Si l’on soustrait de l’ensemble « musique berbère » quelques pourcentages (parfaitement légitimes) consacrés à la musique berbère marocaine, on obtient un taux de diffusion de musique kabyle tournant autour de 10% du total diffusé. 10% de musique kabyle, alors que les auditeurs kabyles constituent peut-être le principal groupe d’auditeurs de la station ! Cela sans compter que certaines musiques très représentées sur Beur FM, comme le hip-hop ou l’oriental, possèdent des chaînes spécialisées qui leurs sont consacrées à plein temps (Skyrock, Ado FM, Radio Orient…) et n’ont pas besoin de Beur FM pour être diffusées.

La loi des 10%

Au-delà du simple aspect de la chanson, quelle place réserve plus généralement cette station à la langue et à la culture kabyles dans ses émissions et magasines ? Si l’on se réfère à la grille des émissions quotidiennes, diffusées en « semaine » (du lundi au vendredi), au nombre de dix, force est de constater qu’aucune n’est consacrée à la Kabylie ni n’utilise la langue kabyle comme véhicule. Toutes sortes de sujets sont abordés au cours des diverses émissions de la journée, certains très intéressants (politique, économie, histoire de la musique arabe), d’autres plus discutables (voyance, jeux via une ligne téléphonique surtaxée), mais pas une trace d’intérêt pour la Kabylie.

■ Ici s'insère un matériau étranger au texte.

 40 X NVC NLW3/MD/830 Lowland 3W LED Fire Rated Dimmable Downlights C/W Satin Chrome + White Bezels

Les seules émissions explicitement destinées au public kabyle sont des émissions hebdomadaires, diffusées le week-end : sur 13 émissions et magasines programmées le samedi et le dimanche, on en dénombre trois ayant trait à l’actualité kabyle (deux émissions musicales présentées par une jeune bénévole, Nassima, et une émission satirique présentée par Djaffar), soit 23% du total des programmes. Ce chiffre paraît plutôt flatteur à première vue. Mais si l’on s’intéresse au temps d’antenne, le pourcentage diminue drastiquement. En effet, les 13 émissions du week-end totalisent 29 heures et 30 minutes de programmes diffusés. Sur ces 29 heures et 30 minutes, seules 3 heures sont dévolues aux émissions kabyles (une heure par émission). En conséquence de quoi, les programmes kabyles ne représentent, une fois encore, qu’à peine 10% de la durée totale des émissions du week-end. A croire que la direction de Beur FM a imposé un plafond de 10% de kabylité à ne jamais dépasser sur leur chaîne.

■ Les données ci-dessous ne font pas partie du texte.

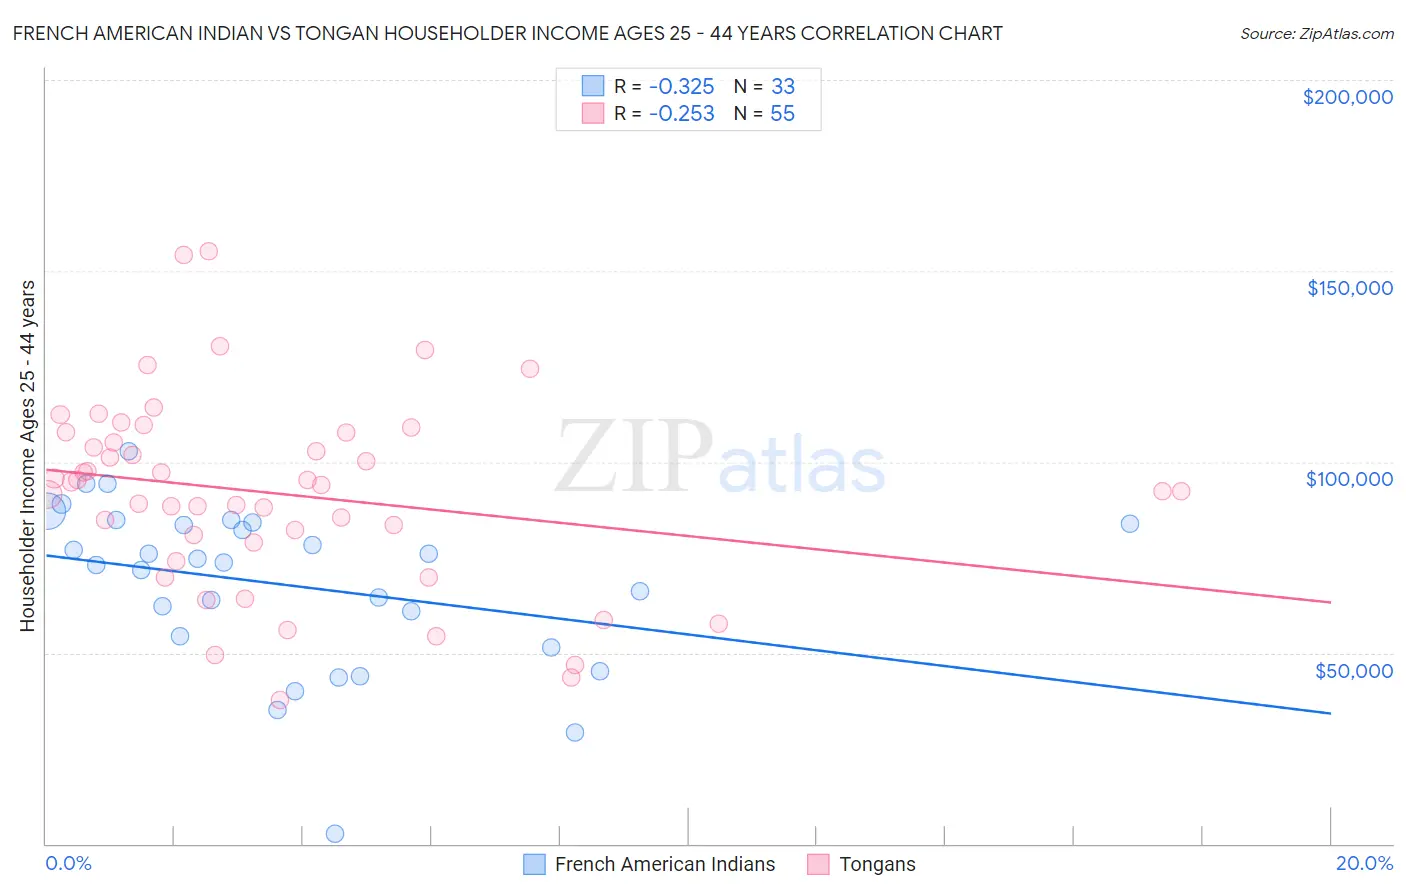 French American Indian vs Tongan Householder Income Ages 25 - 44 years

Les Kabyles sous-représentés à l’antenne

Ce faisant, Beur FM contrevient à sa double mission : celle, contractuelle, d’assurer une plate-forme de diffusion à toutes les communautés berbères, particulièrement la communauté kabyle, la plus nombreuse, et celle, commerciale et sociale, de satisfaire les besoins et souhaits d’une large part de ses auditeurs. On ne sait combien de Kabyles écoutent Beur FM. Mais étant donné, d’une part la forte proportion de Kabyles dans l’immigration nord-africaine en France (autour d’un tiers du total) et d’autre part le fait que d’autres communautés nord-africaines disposent d’un plus large éventail de choix de radios communautaires (Radio-Méditerranée, Radio Orient, Radio France-Maghreb en Ile de France, d’autres stations en régions), on peut supposer qu’une part très importante des auditeurs de Beur FM sont Kabyles, car Beur FM constitue leur seule chance (pour combien de temps encore ?) d’entendre parler ou chanter en taqbaylit à la radio.

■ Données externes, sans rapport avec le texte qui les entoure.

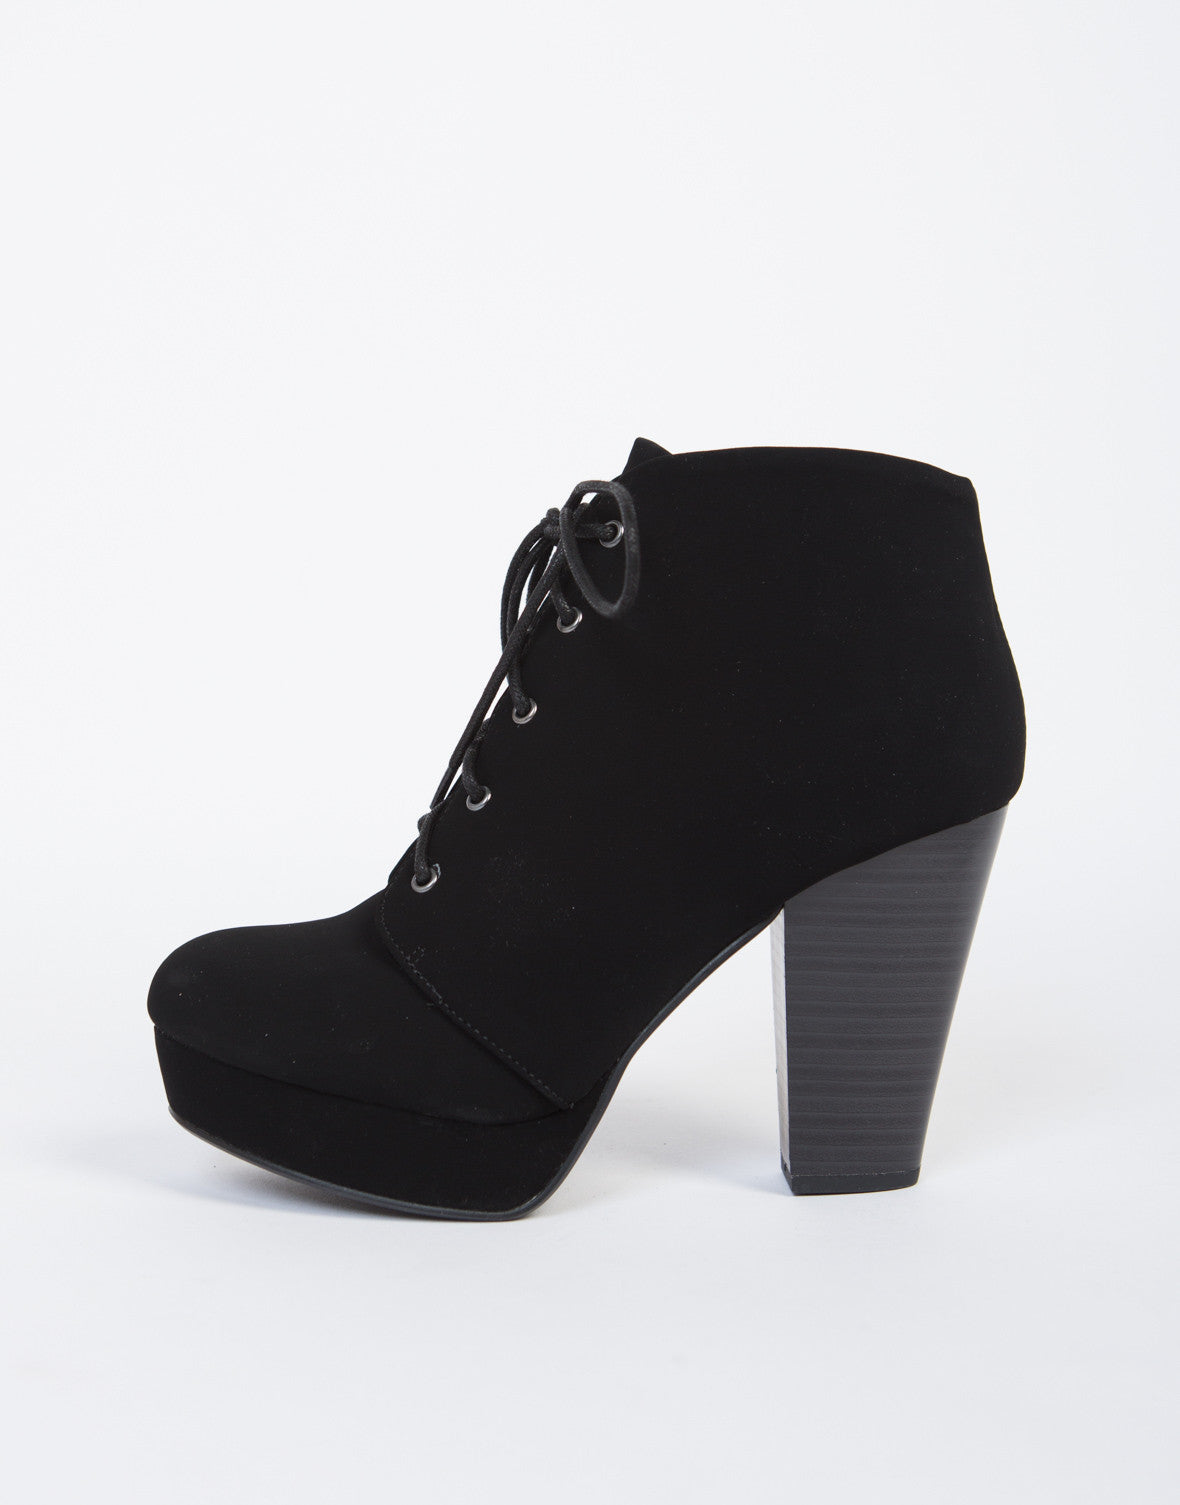 Lace-Up Platform Booties - Black Lace Up Ankle Booties – 2020AVE

En extrapolant, on peut affirmer que si les Kabyles constituent 30% des individus d’origine nord-africaine en France, ils sont en droit d’exiger de Beur FM, station de radio prétendant représenter les nord-africains de France, un temps d’antenne proportionnel à leur poids démographique. Il est donc plus que temps que cette station enraye le processus de marginalisation de la langue et de la culture kabyles enclenché depuis plusieurs années et triple ses programmes à destination du public kabyle pour atteindre les 30% requis. Cela ne serait que justice.